The AlloPipe tool is a computational workflow designed to compute, given a pair of annotated human genomic datasets:
- directional amino acid mismatches, and
- the related candidate minor histocompatibility antigens.
The product is provided free of charge, and, therefore, on an "as is" basis, without warranty of any kind.
AlloPipe is also available as a web application.
A. Dhuyser, P. Delaugère, P. Laville, et al., AlloPipe and Its Web Server Allogenomics: From Genomic Data to Candidate Minor Histocompatibility Antigens, HLA 107, no. 2 (2026): e70590, https://doi.org/10.1111/tan.70590.
The AlloPipe tool is divided into two sequential modules: Allo-Count, then Allo-Affinity.
After reformating relevant data from the variant-annotated .VCF file(s), Allo-count performs a stringent data cleaning and computes the directional comparison of the genomic sequences from sample 1 and sample 2.
Allo-Count returns:
- a quantitative output called the Allogenomic Mismatch Score (AMS): a discrete quantitative variable that is counting the number of directional amino acid mismatches.
- a qualitative output stored in the AMS (mismatch) table: providing information about the polymorphisms contributing to the AMS.
Directional comparison
The sample comparison is directional and accounts for either polymorphisms that are present in the donor but absent in the recipient (donor-to-recipient) or that are present in the recipient but absent in the donor (recipient-to-donor).
- Donor-to-recipient accounts for polymorphisms present by the donor but absent by the recipient, i.e. triggerring the recipient's immune system after solid organ transplantation.
- Recipient-to-donor accounts for polymorphisms present by the recipient but absent by the donor, i.e. triggerring the donor's immune system after allogeneic haematopoietic cell transplantation.
Allo-Affinity reconstructs peptides of requested length around the polymorphisms present in the mismatches tables.
The affinity of those peptides towards the HLA molecules can then be assessed using third party tools such as NetMHCpan or MixMHCpred softwares, to retrieve the candidate mHAgs.
Please read the terms of use for the NetMHCpan and MixMHCpred softwares. 4-digit HLA typing must be provided by the user for the HLA molecules of interest, including the alpha/beta chain combination for HLA-DR and HLA-DQ molecules.
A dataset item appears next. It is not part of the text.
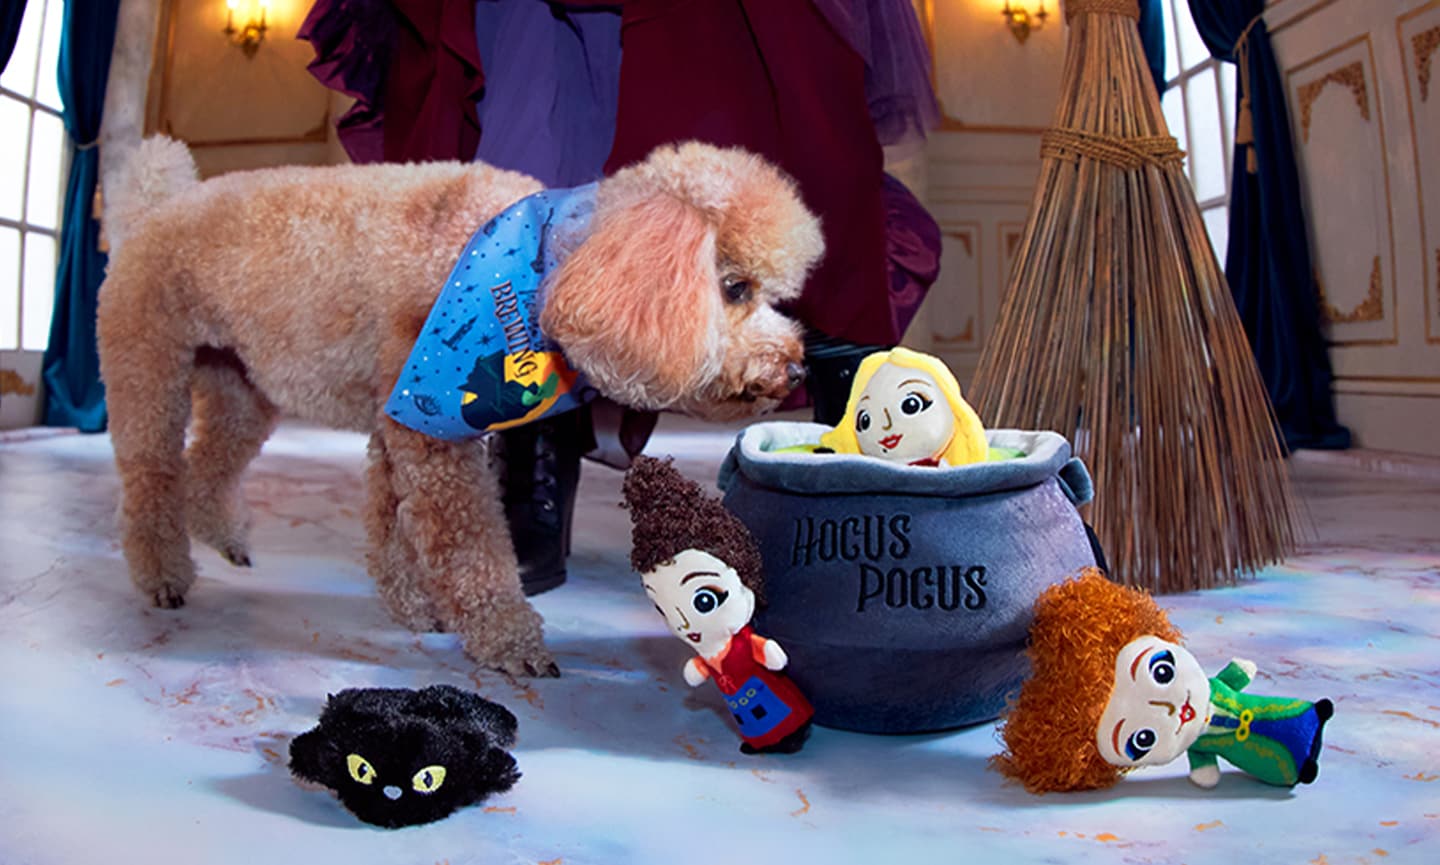 Your Pets Can Hilariously Enjoy 'Hocus Pocus' as Much as You Do •

There are two modes of operation for each module: as single pair or as multiple pairs
-
Single pair: Run as 'single pair mode' if you aim to compute AMS and/or affinity-AMS (af-AMS) for one pair at a time.
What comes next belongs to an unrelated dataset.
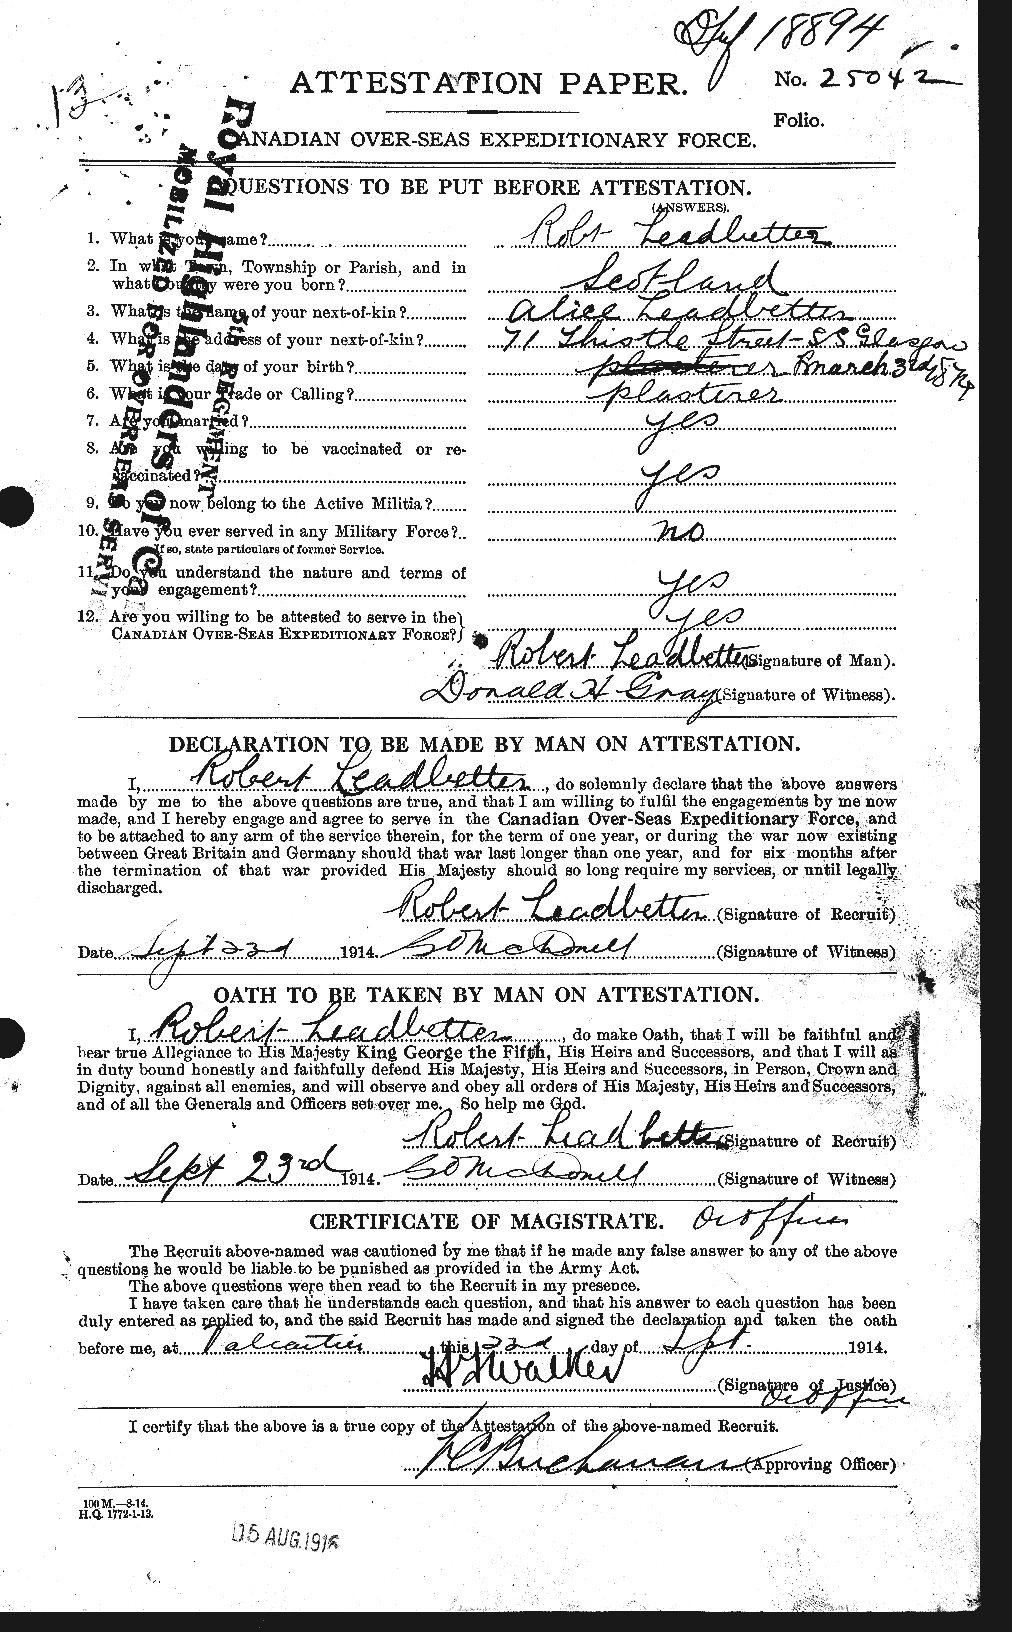 Personnel Records of the First World War - CEF 455847a

You need to provide one variant-annotated.VCFfile per individual. -
Cohort (Multiple pairs): Run as 'multiple pairs mode' if you aim to compute AMS and/or af-AMS for more than one pair at a time.
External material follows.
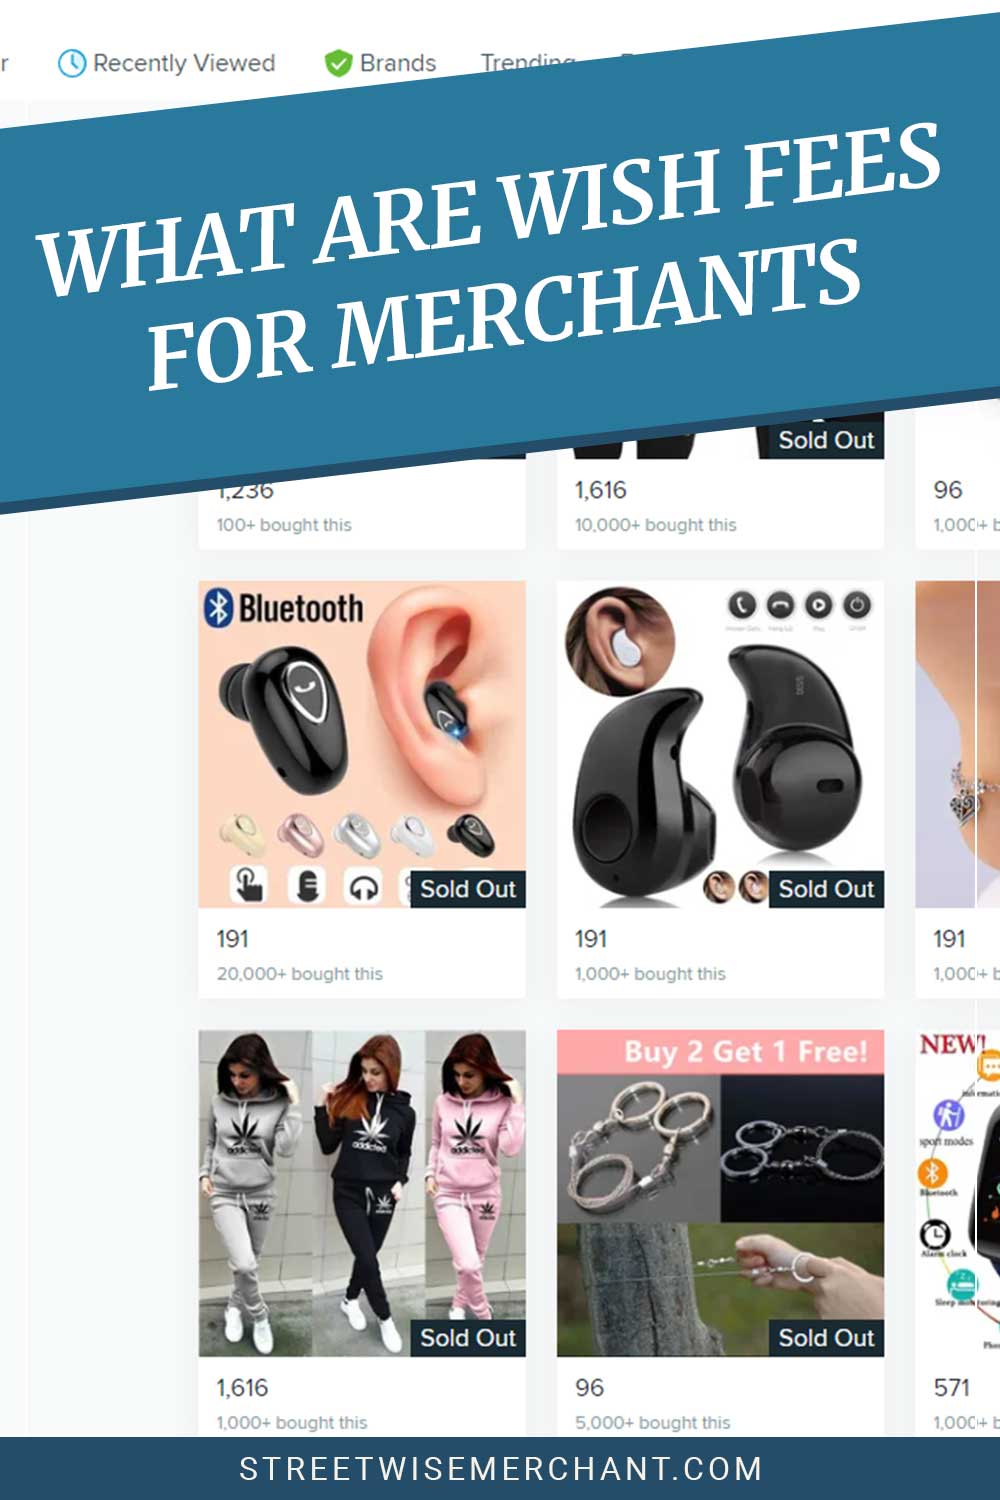 What Are Wish Fees for Merchants?

You need to provide one unique variant-annotated.VCFfile containing the genotypes of all individuals you want to analyse - i.e. a joint.VCFfile - and the.csvformatted list of the pairs you want to process.
For installing AlloPipe you will specifically require the following softwares:
-
Python ≥ 3.6 (AlloPipe was developed on v3.9)
-
Conda installed for your operating system and python version. Verify that you have a suitable version of Conda, as we recommend installing the dependencies in a dedicated environment.
-
To run Allo-Affinity, you need to assess the affinity of the reconstructed peptides towards the HLA molecules. We recommend two groups of software suites for that (only NetMHCpan is supported in command line for now):
- NetMHCpan and NetMHCIIpan, which should be downloaded as command line tools (be careful with version numbers).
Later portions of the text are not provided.